The district includes Lakeside, Tucker and Elizabeth Andrews high schools.
Womack, 79, of the Briarlake/Lakeside area served four terms on the DeKalb School Board from 1981 through 1992 and is running for the second term of his comeback.
He is chairman and CEO of Mobility Designs Inc., a company that specializes in the rehabilitation of children and adults with mobility issues.
His opponents are Tucker resident Tom Gilbert, 68, a “pro account” sales associate at the Home Depot store off Wesley Chapel Road; Tucker resident Jim Kinney, 49, a systems engineer for IBM Security Systems; and Jim McMahan, 46, a loan originator for Amstar Mortgage Network and “stay-at-home dad” who lives in the Clairmont/Briarcliff area.
Womack said he is running again to finish what’s been started.
“I’m trying to ensure that this financial mess we’re in is brought to a successful resolution,” he said.
The School Board voted this month to raise taxes for the first time in 10 years. The 1-mill increase will help plug an $85 million shortfall for the 2012-2013 operating budget of $760 million.

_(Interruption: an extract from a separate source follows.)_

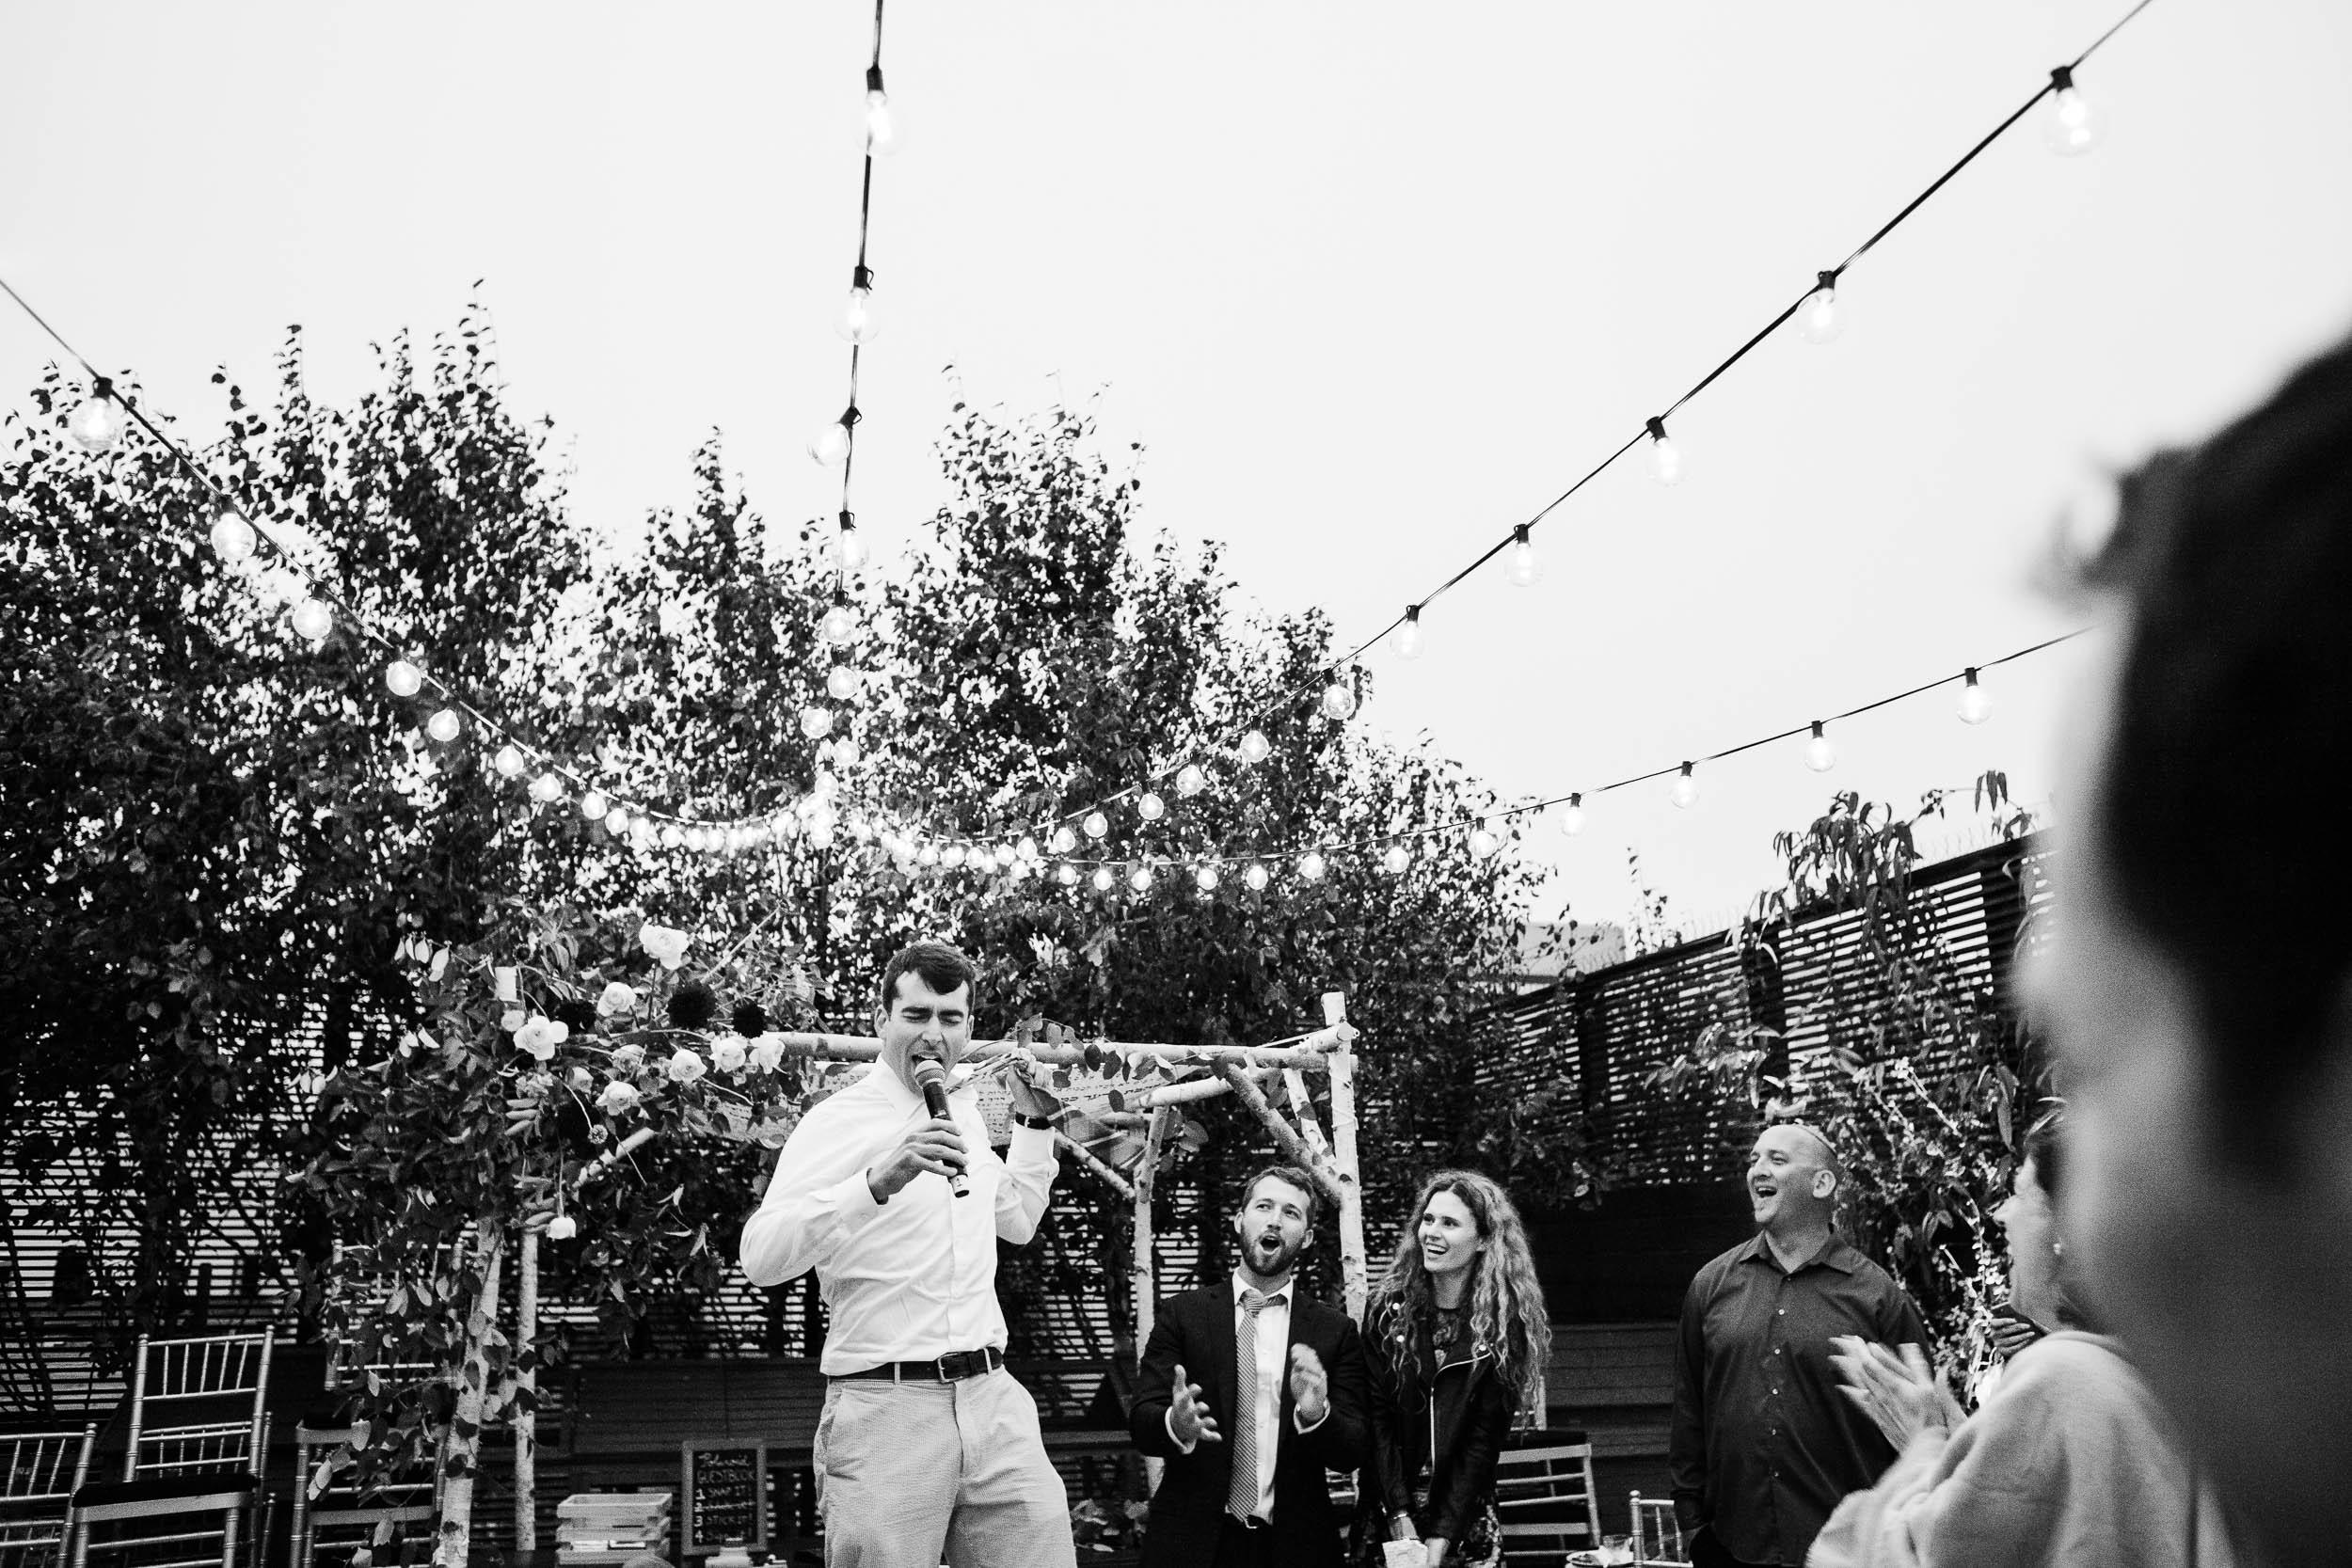 081818_Alina Jason San Francisco Wedding_Buena Lane Photography_3086.jpg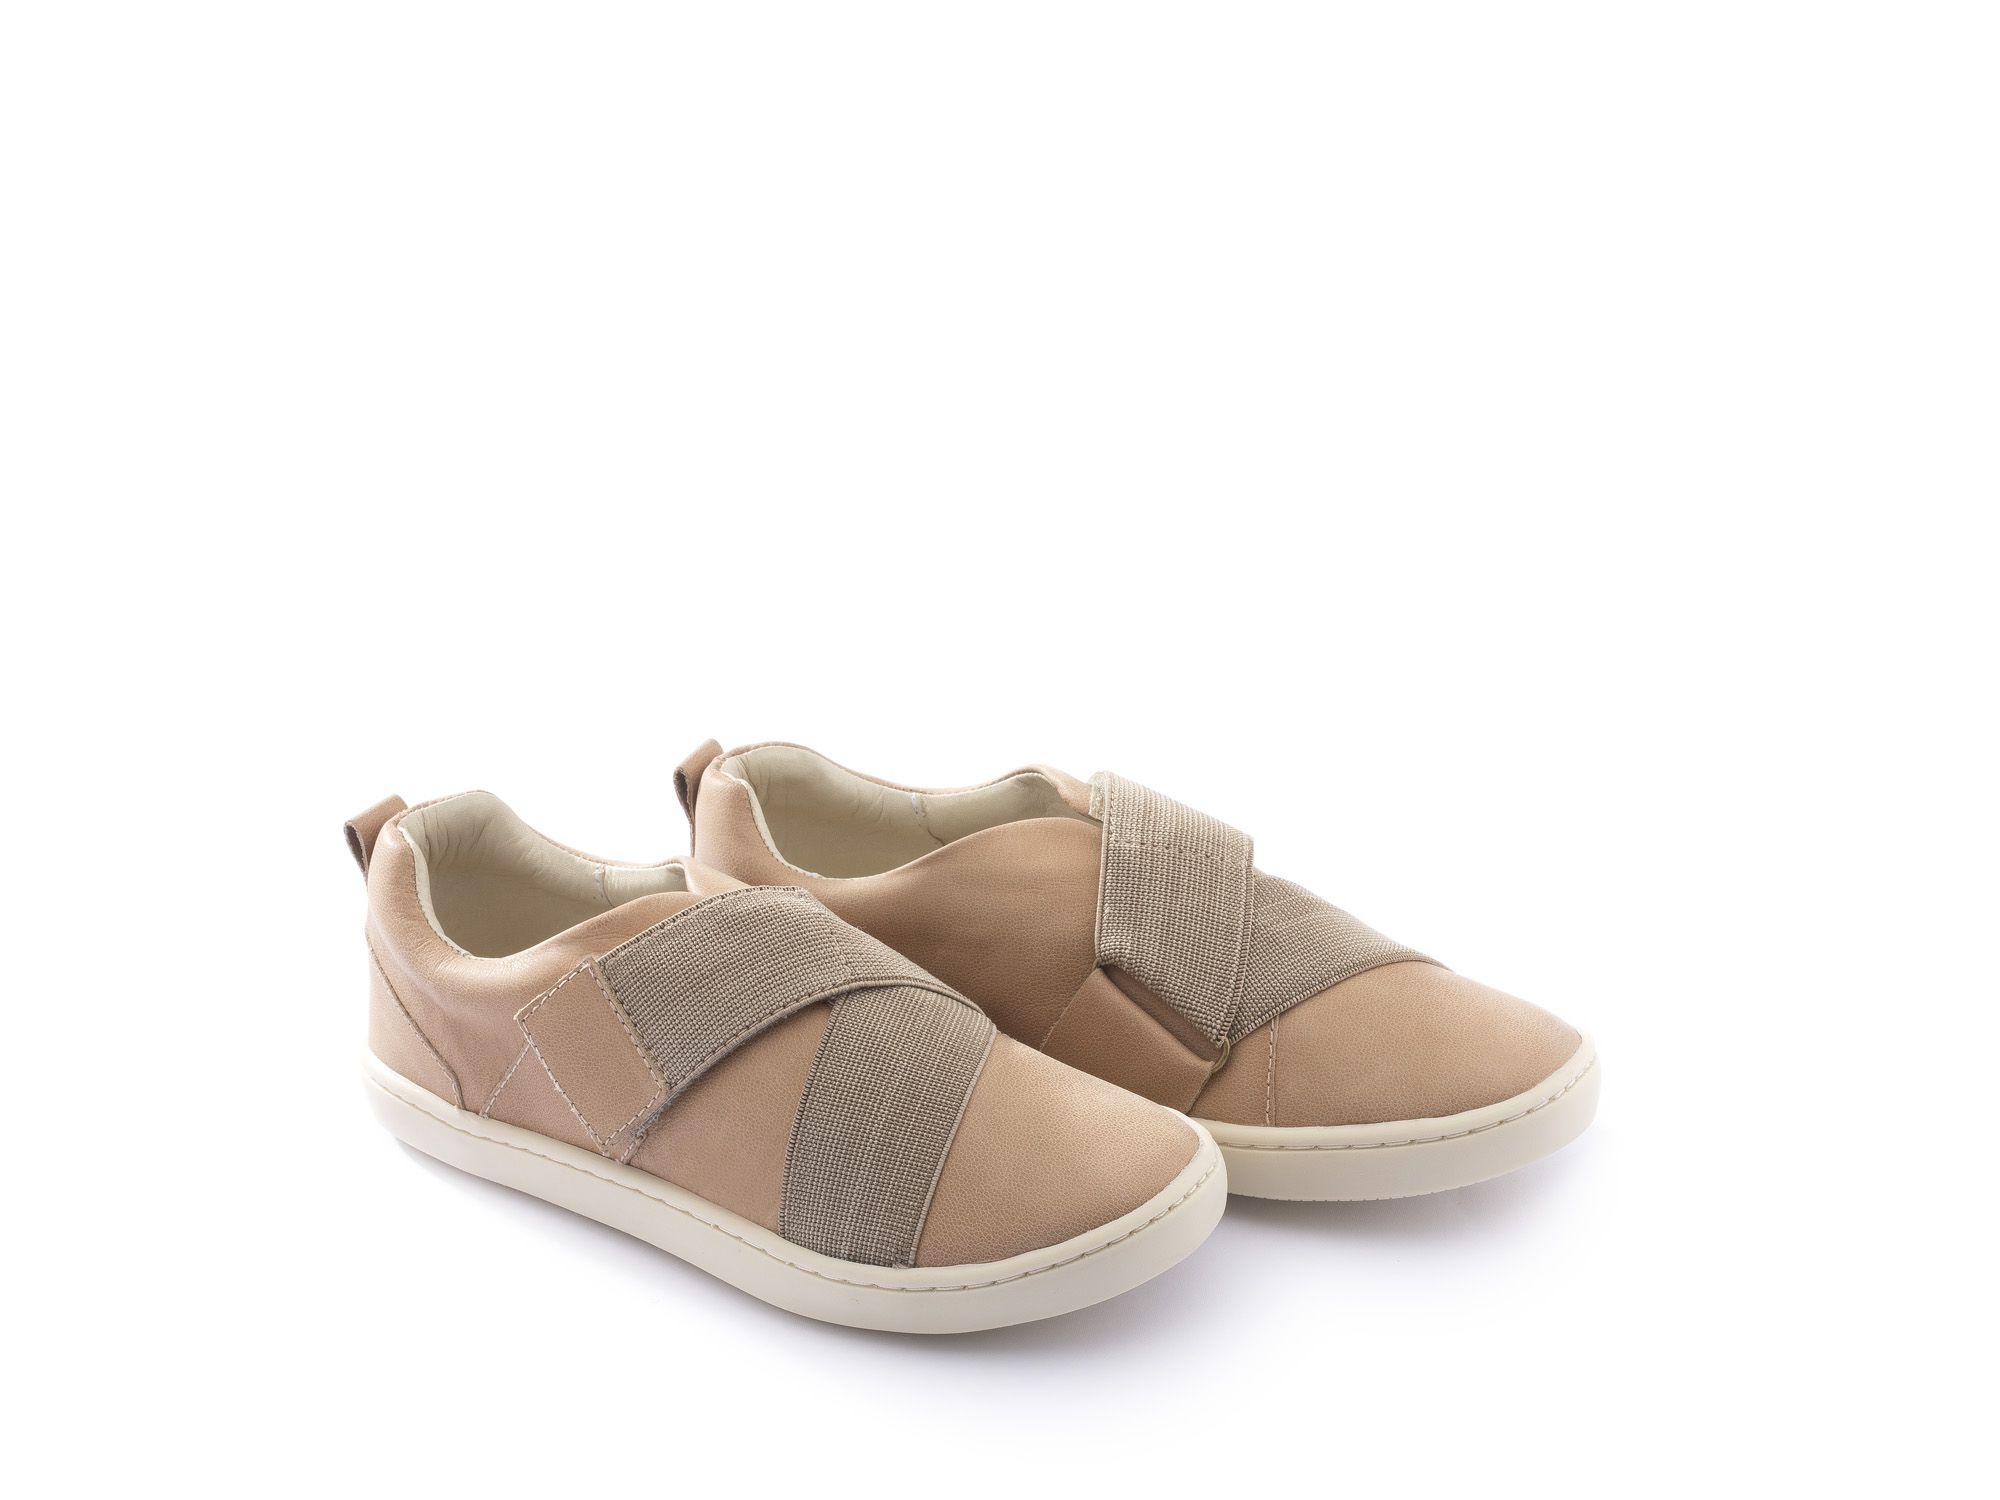 Sapato Couro Caramelo J Zag Tip Toey Joey

Womack voted against the tax hike and recently led several board members who called for a state investigation of the school system’s Finance and Human Resources departments. The board voted down their motion to ask the governor’s office to investigate in a 5-4 vote on July 9.
Gilbert said he is running because he hopes to make things better for children. He has two grandchildren in DeKalb schools and believes his experience in analyzing spending and working with large budgets would be an asset.
“We just need a good dose of common sense over there,” Gilbert said.
Kinney, who has a master’s degree in physics and has taught on the college level, said he’s running because of his experience with the management chain in the school system.
“There’s a focus on management, not a focus on education,” Kinney said. “After seeing the stuff going on at the schools, I can take a back seat no longer.”
McMahan has daughters at Sagamore Hills Elementary School and Henderson Middle School and serves on the school council of both. Last year, he was area leader for the DeKalb County Council of PTAs, presiding over the Lakeside High School cluster of schools.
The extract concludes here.